KYC refers to a set of identity verification procedures required by law for money service providers, including VASPs. KYC processes are crucial for cryptocurrency AML because they enable criminal investigators to connect pseudonymous addresses to real identities in the event the address has been connected to crime, thereby enabling effective investigations.
In traditional finance, valid credentials include ID card validation, face verification, and biometric authentication. Additionally, many banks require proof of address (e.g. a copy of a recent utility bill).
In the cryptocurrency industry, KYC requirements are less standardized. Most exchanges require that new customers share their legal name, government-issued ID, and up-to-date address information, but this varies according to where the exchange operates and what services it provides.
This October, FATF clarified that NFT marketplaces, DeFi protocols, and stablecoin providers, depending on the activities in which they engage, may also be obligated to adopt KYC compliance and monitoring solutions.
How does KYC work?
KYC programs generally have three components: customer identification, due diligence, and continuous monitoring.
Customer Identification Program (CIP)
A customer identification program or ‘CIP’ uses reliable and independent data to ensure that the customer is who they claim to be. For individuals, this could include the client’s legal name, date of birth, address, and verifying documentation like a driver’s license or passport. For enterprise customers, business licenses and articles of incorporation are common requirements.
Customer Due Diligence (CDD)
Customer Due Diligence or ‘CDD’ is an assessment of the risks presented by a new client or business relationship. Financial service providers make use of background checks, customer surveys, and reviews of client transaction history to assign risk ratings determining how closely an account will be monitored.
Continuous monitoring is the ongoing review of transactions for criminal activity. When suspicious activities are detected, VASPs are obligated to submit Suspicious Activities Reports (SARs) to FinCEN or other relevant law enforcement agencies. Chainalysis Know Your Transaction helps businesses comply with these obligations by automatically detecting patterns of suspicious activity, sending real-time alerts, enabling in-depth investigations, and integrating into compliance team workflows.

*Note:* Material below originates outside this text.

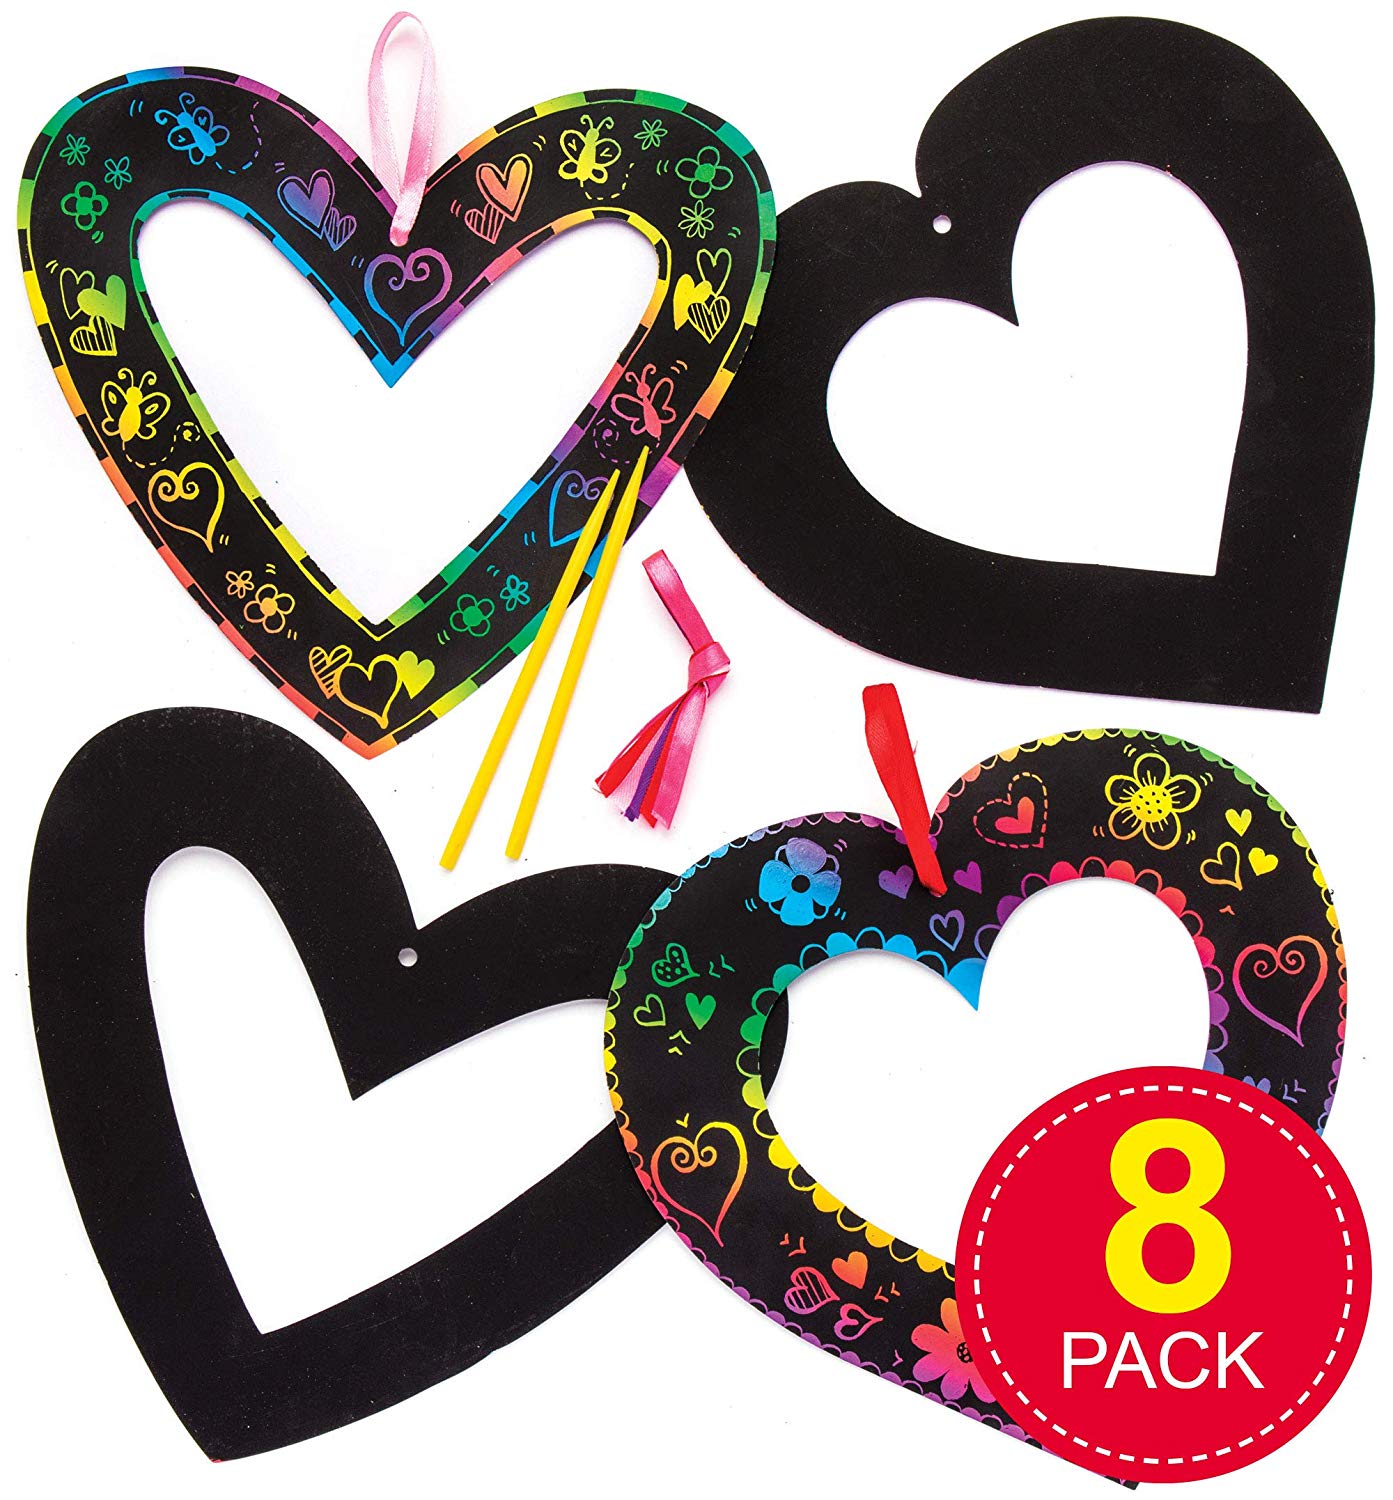 Decorate with Love Especially Lovely for Mothers Day or Valentines Baker Ross Childrens Craft Heart Shaped Boxes Pack of 8

Why is KYC important for Crypto?
With cryptocurrency adoption growing exponentially, cryptocurrency businesses need KYC processes to comply with regulations and stop illicit activity. Identity verification, risk assessment, and continuous monitoring are the best means to that end.
Moreover, by adopting new KYC procedures, cryptocurrency businesses can build trust with users and regulators without sacrificing their bottom line. When Binance, a global cryptocurrency exchange, made KYC mandatory for all of its customers, it found that “most people — 96%, 97% of users — go through KYC.” This minor reduction in registrations is a small price to pay for the ability to operate in hundreds of regulatory environments, serve millions of customers, and stop illicit activities of every type.
Cryptocurrency, meet AML and KYC
As cryptocurrencies have expanded and reshaped the global financial network, AML and KYC have become a basic need. That’s why Chainalysis helps cryptocurrency businesses stay compliant and government agencies stop crime: because AML and KYC minimizes the risks faced by businesses, protects users from illicit activity, and builds trust in cryptocurrency.